YPG’nin Esed rejimiyle neden savaşmaya başladığı konusunda değişik görüşler yok değil. Kendisi de Suriyeli bir Kürt olan, http://www.AvestaKurd.net sitesinin editörü Dilbixwin Dara’ya göre amaç başka: “PYD başlangıçta Esed rejimine destek oluyordu. Ama simdi gördü ki rejimin gücü zayıflıyor. O nedenle de Esed rejimine karsı savaş başlattı ki kendisini Beşar Esed rejimi karşıtı gösterebilsin.” Dara, PYD’nin diğer partilere karşı saygılı bir tavır göstermesi gerektiğini ve onların Varlıklarını kabul etmesi gerektiğini de sözlerine eklemekte.

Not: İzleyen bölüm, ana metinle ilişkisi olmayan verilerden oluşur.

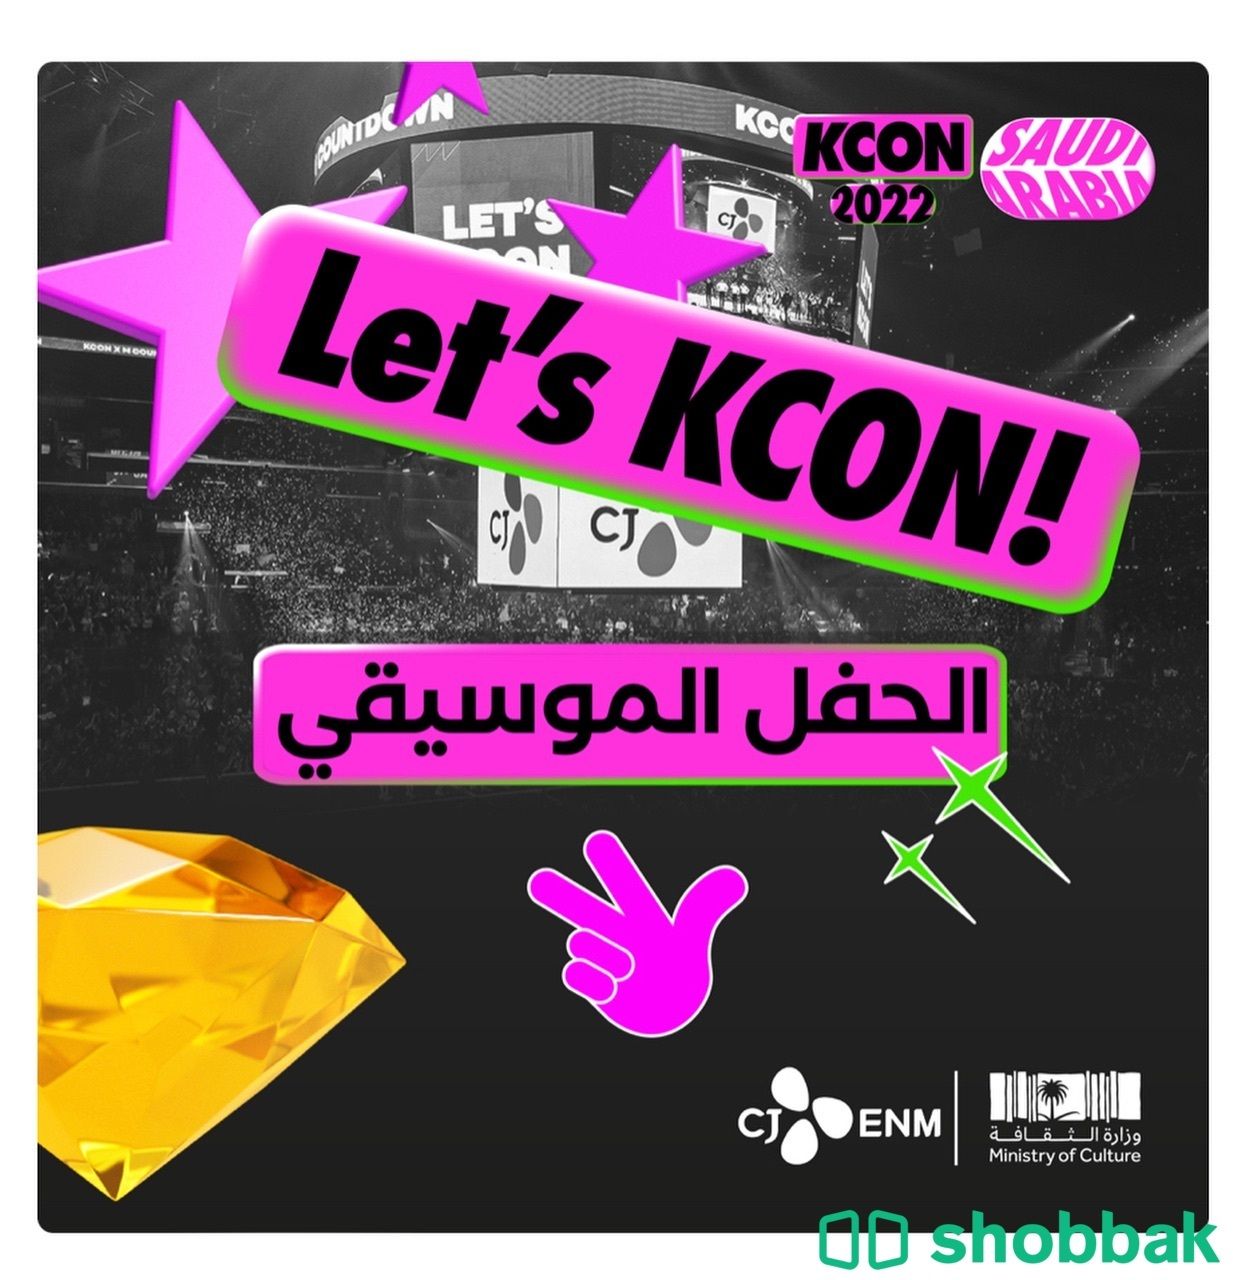 تذاكر حفل kcon يوم السبت Shobbak Saudi Arabia

Önümüzdeki haftalarda Suriye’deki durumun nasıl bir hal alacağı merak konusu. Kürtler özelinde bakıldığında Abdullah Öcalan’ın kendisini ziyarete gidecek BDP heyeti ile kamuoyuna nasıl mesajlar göndereceği ve Suriye’deki durumla ilgili ne tür önerilerde bulunacağı, Washington dahil olmak üzere, birçok çevrede ve de Suriye Kürtleri arasında oldukça yakından merak edilmekte.